Airline booking systems lack basic security measures to prevent attackers changing flight details or stealing rewards
Legacy airline booking systems lack a number of “web security best practices” according to cyber experts at Security Research Labs.
The researchers identified a number of security issues with the travel bookings systems maintained by the three largest Global Distributed Systems (GDS) namely Amadeus, Sabre, and Travelport.
These three firms apparently administer more than 90 percent of flight reservations as well as numerous hotel, car, and other travel bookings.
The researchers said that these systems date back to the 1970s and lack modern security measures. This means that the privacy of airline travellers is potentially at risk, as booking information typically contains sensitive contact information such as phone number, email, and postal address, travel dates and preferences, and often passport information.
According to the researchers, attackers could also steal or change flight details, because some cancellations result in a voucher being issued, potentially allowing a fraudster to travel for free.
Another risk is flight rewards (such as airmiles) being stolen, and attackers carrying out phishing attacks by using the details of a booking that has just been made.
Security Research Labs identified weak authentication as the most important security feature missing from all three GDSs.
This means that there is no proper way to authenticate travellers, as GDSs do not offer a first authentication factor.

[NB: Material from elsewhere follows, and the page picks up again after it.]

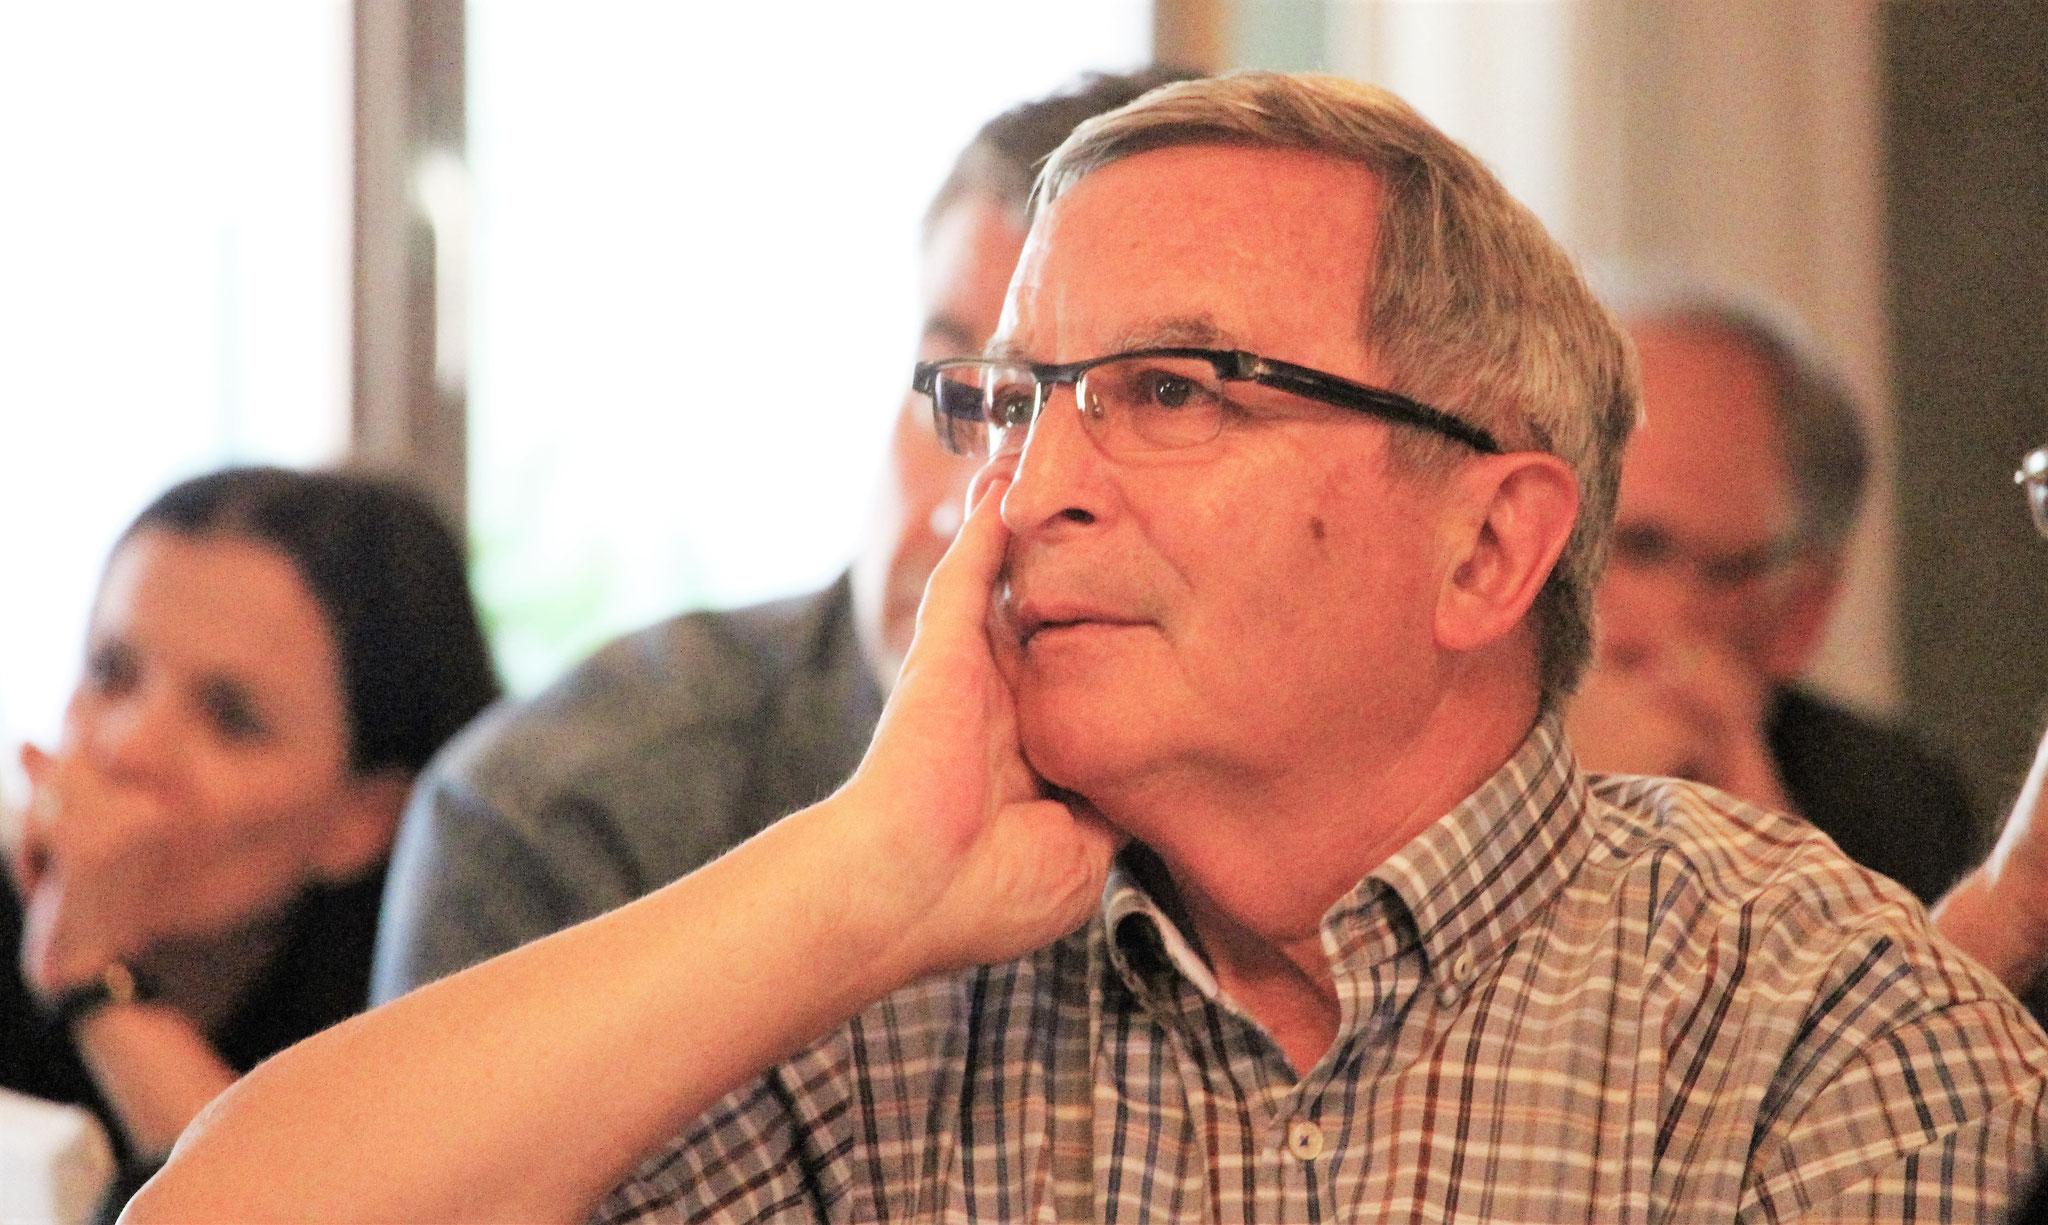 Revisor Fritz Keller (Fulenbach) verfolgt die Hauptversammlung.

Instead, the booking code (aka PNR Locator, a 6-digit alphanumeric string such as 8EI29V) is used to access and change travellers’ information, it warned.
“The authenticator is printed on boarding passes and luggage tags,” it said. “Any person able to find or take a photo of the pass or tag can access the traveller’s information – including email address and phone number – through the GDS’s or airline’s web site.”
Another weaknesses stems from the fact that authenticators are at risk of hacking as they are ‘brute-forceable’. The researchers said that the way 6-digit booking codes are chosen makes them weaker than a 5-digit password (<28.5 bits), “which would be considered insecure for most applications.”
The researchers said that two of the three main GDSs (Amadeus and Travelport) assign booking codes sequentially, further shrinking the search space.
“Finally, many GDS and airline web sites allow trying many thousand booking codes from a single IP address,” it warned. “Given only passengers’ last names, their bookings codes can be found over the Internet with little effort.”
“Global booking systems have pioneered many technologies including Cloud computing,” said the researchers. “Now is the time to add security best practices that other Cloud users have long taken for granted.”
It said that in the short-term, all web sites that allow access to traveller records should require proper brute-force protection in the form of Captchas and retry limits per IP address. In the mid term it advises that bookings need to be secured with proper authentication, at the very least with a changeable password.
Security surrounding aviation system has been coming under closer scrutiny of late.
Earlier this month for example researchers at IO Active claimed to have found a security flaw in the Panasonic Avionics in-flight entertainment system that allegedly could enable hackers to take control of a plane whilst it is in the air.
Panasonic dismissed the findings of IOActive and accessed it of making “misleading and inflammatory statements” and “unfounded, unproven conclusions.”
Last year in 2015 United Airlines was the target of a data breach linked to a group of China-backed hackers.
That same airline was also at the centre of security row, when one of the world’s foremost experts on counter-threat intelligence within the cybersecurity industry was hauled off one of its flights by the FBI.